Please copy only the material from the line that has "等量公路事故,被淹没的汽车,车祸,灼烧的汽车概念" to the very last line, both ends included, exactly as written and without pictures.

· · · · · · ·

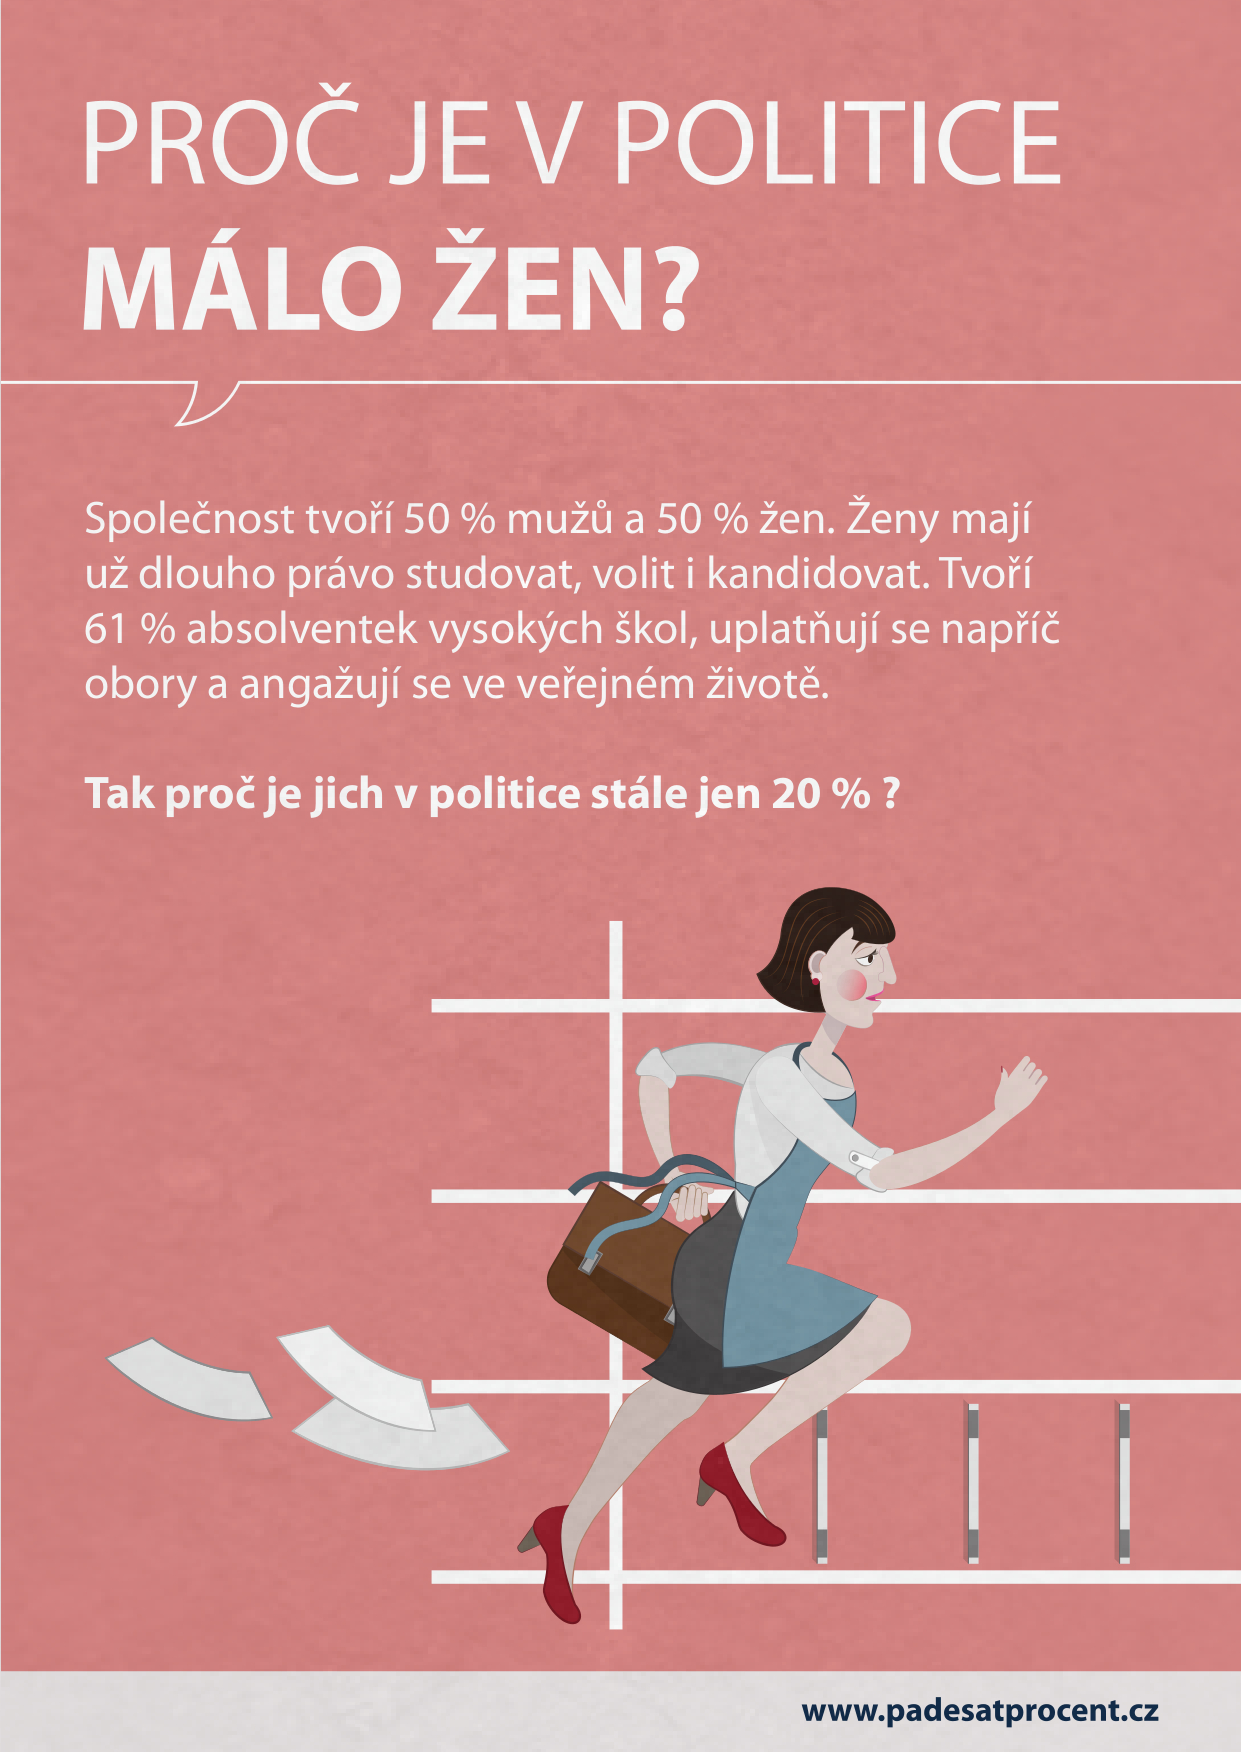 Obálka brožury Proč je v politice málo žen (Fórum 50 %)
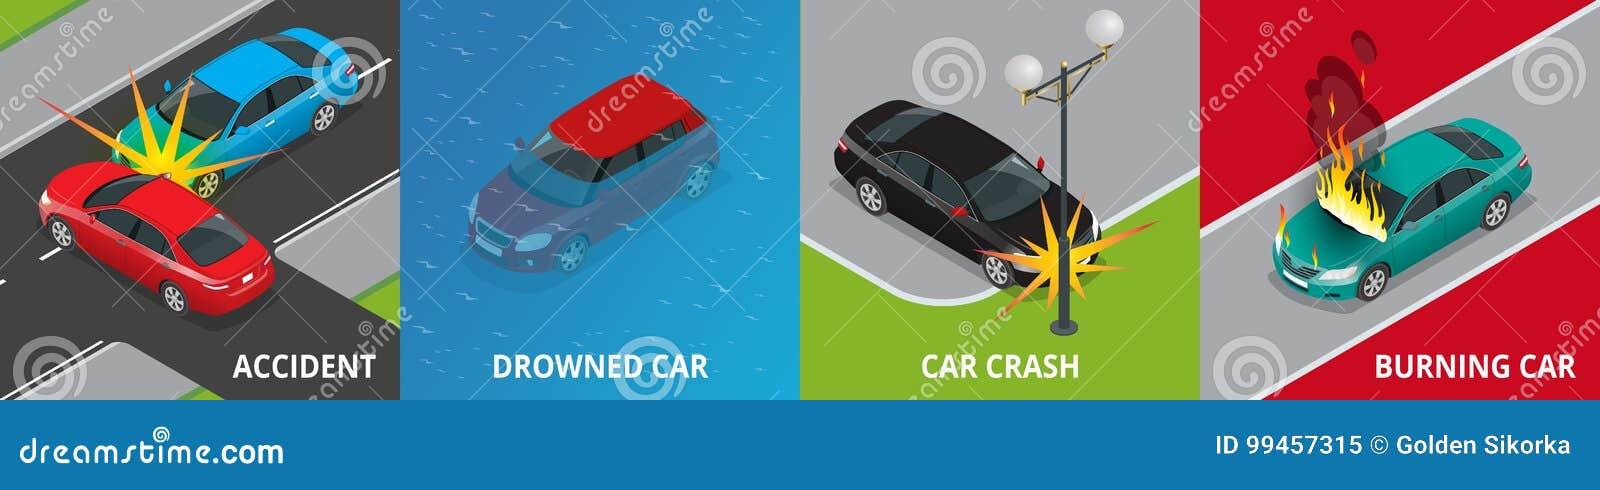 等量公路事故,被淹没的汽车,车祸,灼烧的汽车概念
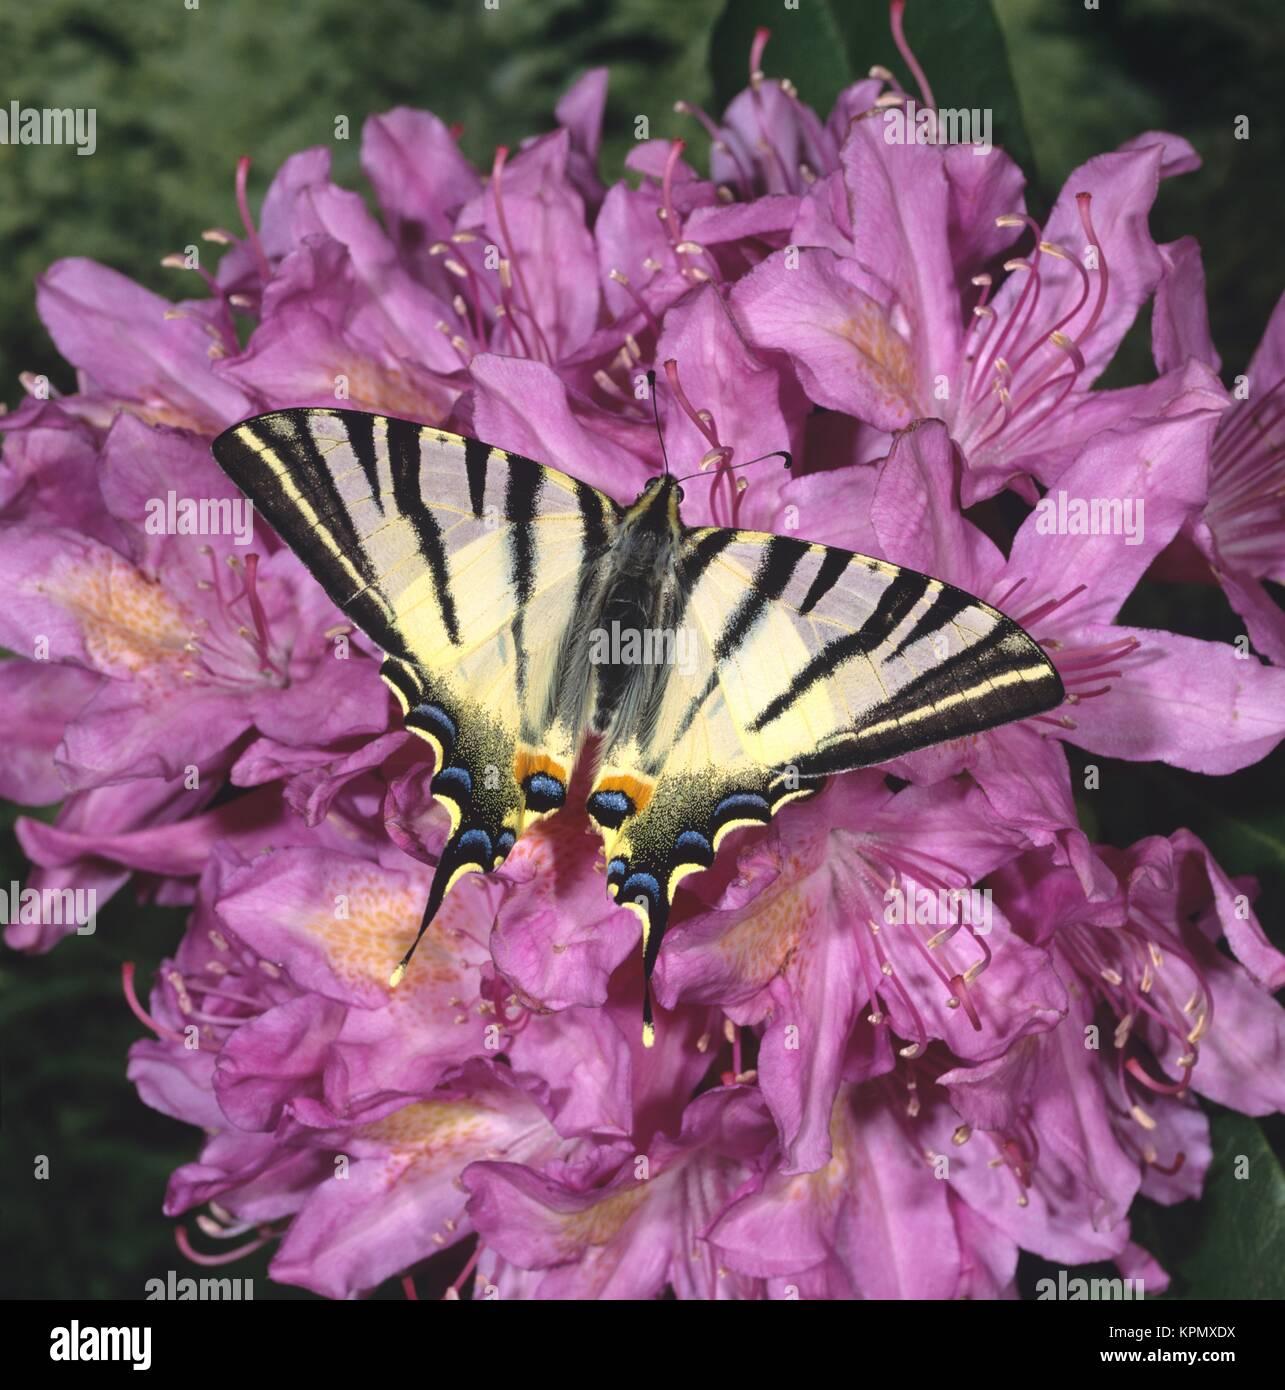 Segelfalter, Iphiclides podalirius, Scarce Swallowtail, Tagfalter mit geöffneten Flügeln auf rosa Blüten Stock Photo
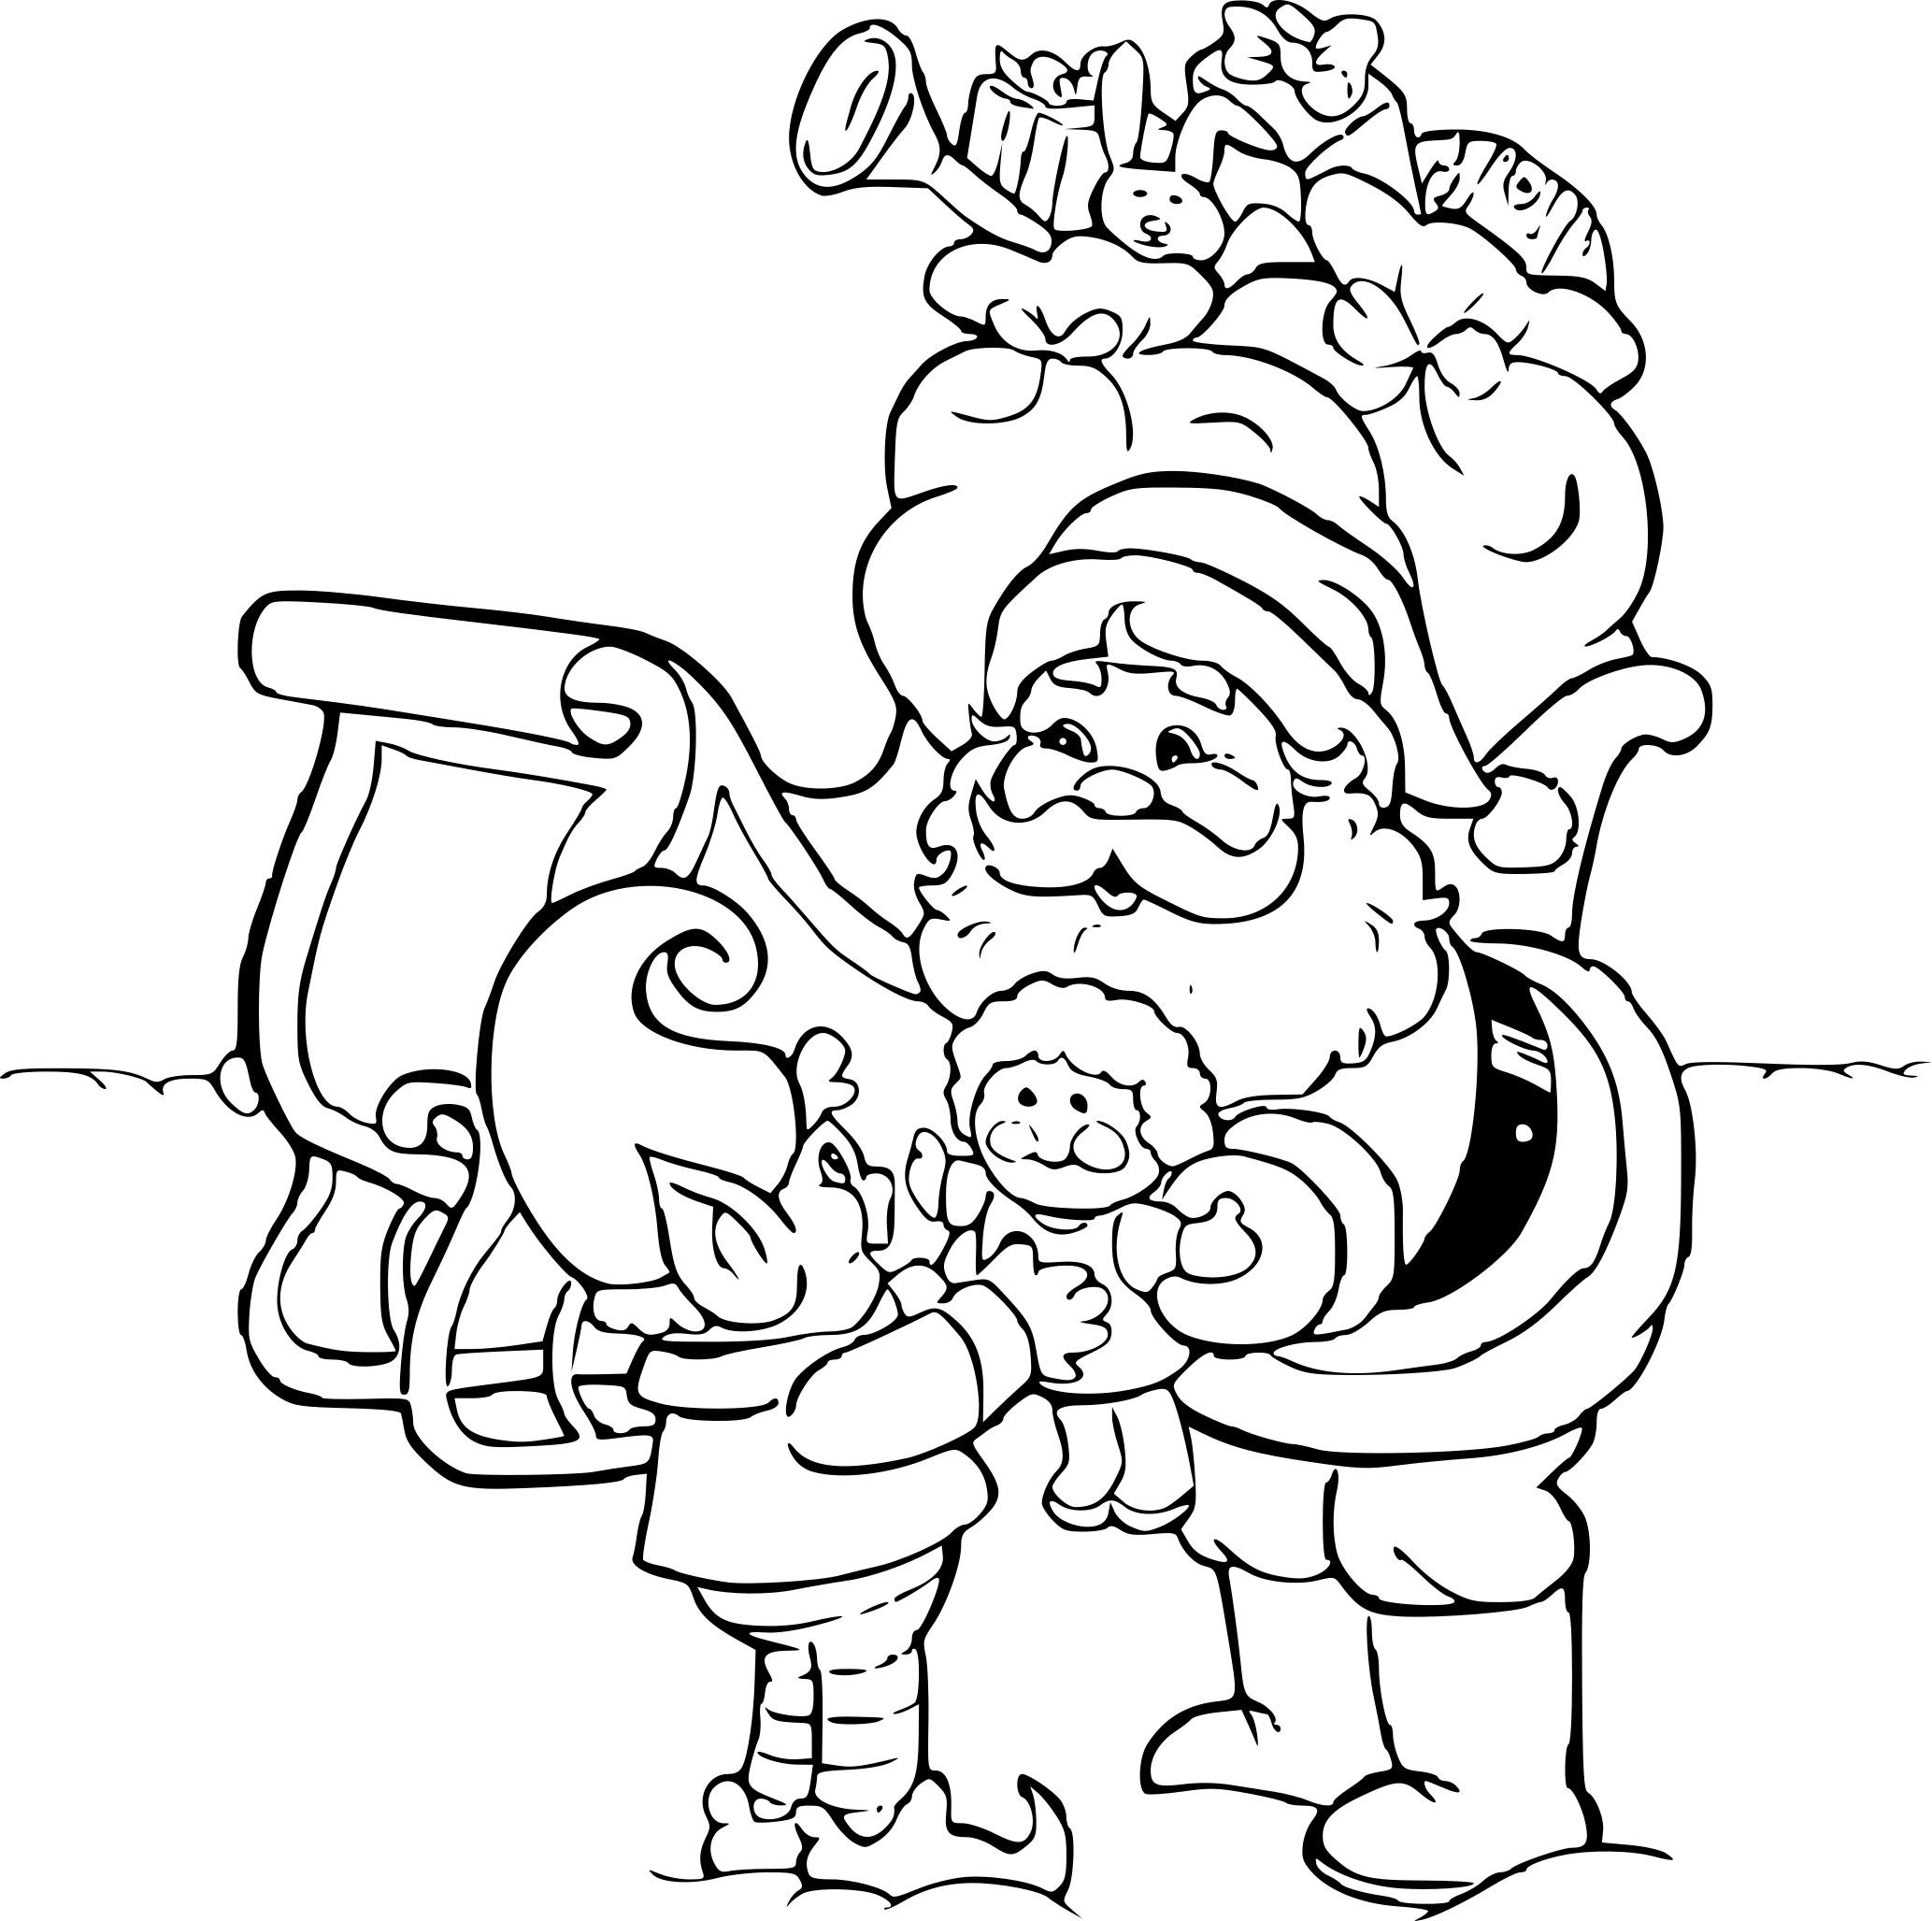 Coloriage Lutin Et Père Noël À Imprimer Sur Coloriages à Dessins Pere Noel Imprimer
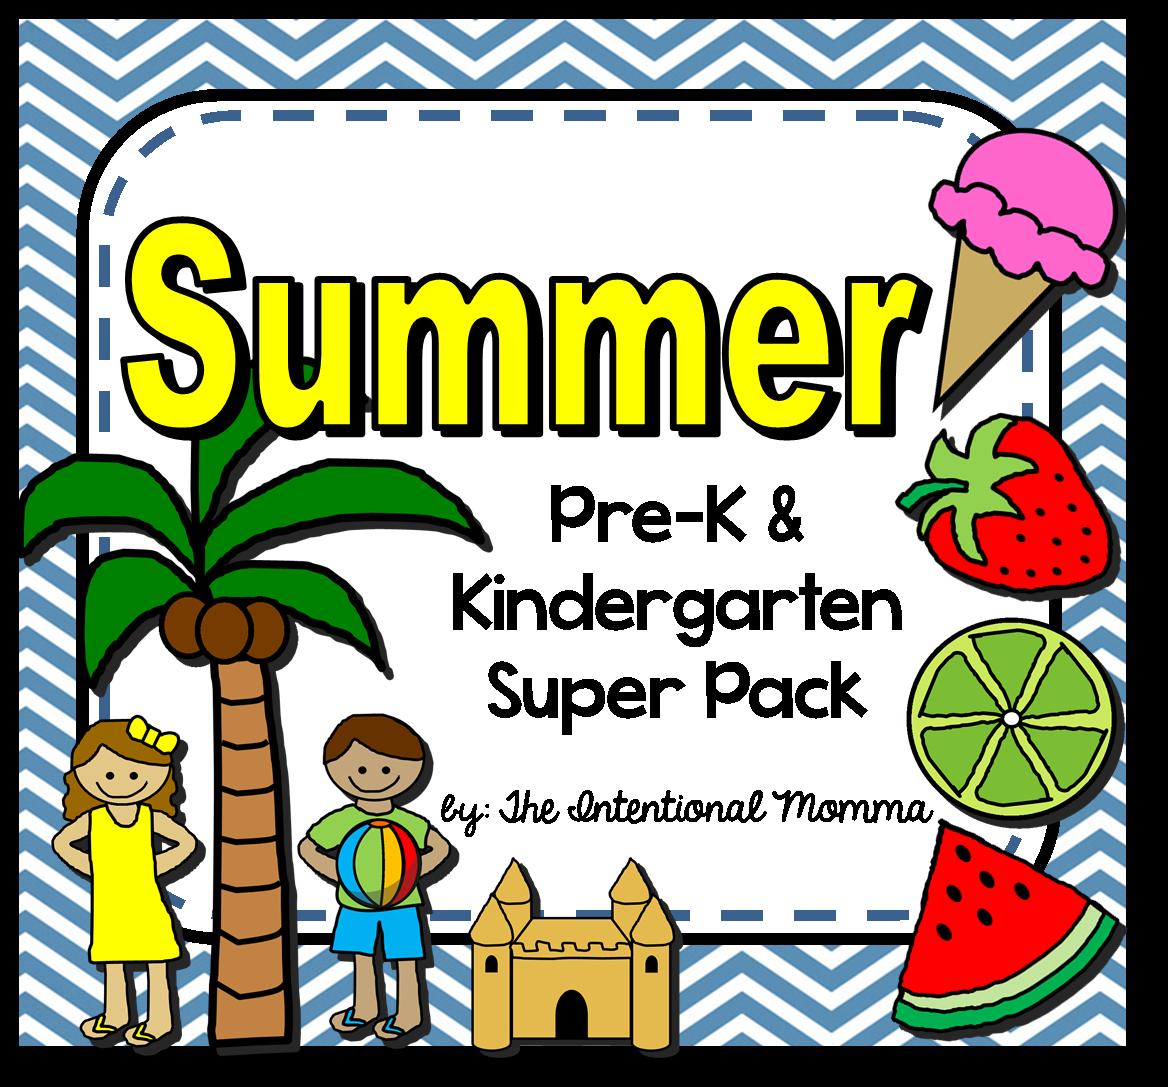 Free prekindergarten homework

· · · · · · ·

→ **Exercise solution**
 等量公路事故,被淹没的汽车,车祸,灼烧的汽车概念
 Segelfalter, Iphiclides podalirius, Scarce Swallowtail, Tagfalter mit geöffneten Flügeln auf rosa Blüten Stock Photo
 Coloriage Lutin Et Père Noël À Imprimer Sur Coloriages à Dessins Pere Noel Imprimer
 Free prekindergarten homework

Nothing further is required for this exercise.